Friday, January 26, 2007

Avoiding the most common software development goofs

Finding defects in code has been the bane of developers' existence since the earliest days of computer programming. Maurice Wilkes, the British computer scientist best known for his work on the EDSAC, said in 1949:

"As soon as we started programming, we found to our surprise that it wasn't as easy to get programs right as we had thought. Debugging had to be discovered. I can remember the exact instant when I realized that a large part of my life from then on was going to be spent in finding mistakes in my own programs."

This keen observation from more than 50 years ago still resonates with anyone tasked with developing software. But why do we make mistakes? And what are some of the ways that we can avoid making mistakes in an attempt to diminish the task of debugging software after it is written? In this paper, we use our years of experience from developing and commercializing static source code analysis to help answer these questions.

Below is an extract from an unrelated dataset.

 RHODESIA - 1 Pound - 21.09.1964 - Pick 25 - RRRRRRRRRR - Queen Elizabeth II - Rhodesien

During this decade, we have analyzed hundreds of millions of lines of code, seen programming errors from the very simple to the most complicated and heard first hand accounts of the bugs that killed development organizations. While it is an impossible task to relate all of the relevant and interesting anecdotes in this type of discussion, our aim is to convey the general impression of what mistakes keep developers and managers awake at night.

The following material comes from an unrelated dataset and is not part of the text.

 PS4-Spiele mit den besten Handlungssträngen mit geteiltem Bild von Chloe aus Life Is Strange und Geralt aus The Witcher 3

As a means for communicating our experience, we first discuss the cost of mistakes in software development and hypothesize as to why developers make mistakes. Then, in an attempt to help developers identify their most common mistakes as they write their code, we examine some of the categories of these mistakes, both from a pure source code perspective as well as from a higher level programming methodology perspective. Finally, we make the case for automatic technology to help weed out these mistakes earlier in the development process.

The cost of software defects

It is a well known fact that software defects are a very costly problem. According to a study commissioned by the National Institute of Standards and Technology (NIST), software errors are costing the U.S. economy an estimated $59.5 billion annually. The study also reports that more than one-third of these costs could be eliminated by an improved testing infrastructure that enables earlier and more effective identification and removal of software defects.

Drilling into the problem further, it has been shown that the cost of discovering a defect increases drastically the later it is found in the development lifecycle. A defect found during the coding phase of a project is very inexpensive to fix. This makes sense intuitively since the developer responsible for the defect is working on the questionable code, has all of the context of that code in his head at the time the defect is discovered, and as such, can make a reasonable fix in a small amount of time.

When that same defect slips into the QA or system integration phase of the development lifecycle, it now can become an order of magnitude more expensive to address. Now the defect must be discovered as the program is being executed and the person who discovered the defect must reproduce the defect and communicate the errant behavior with the development organization.

Then the development organization must determine which part of the code was likely to cause that particular fault, assign the appropriate developer or developers to investigate further to determine the root cause in the faulty code, then finally fix the defect without introducing other problems into the code.

Another order of magnitude in cost is added if a defect slips passed the QA organization and reaches the field. Not only does an organization have all of the above issues in removing that defect, the organization must now deal with the additional cost of reproducing the issue through their support organization, not to mention the cost of bad public perception surrounding their "buggy product."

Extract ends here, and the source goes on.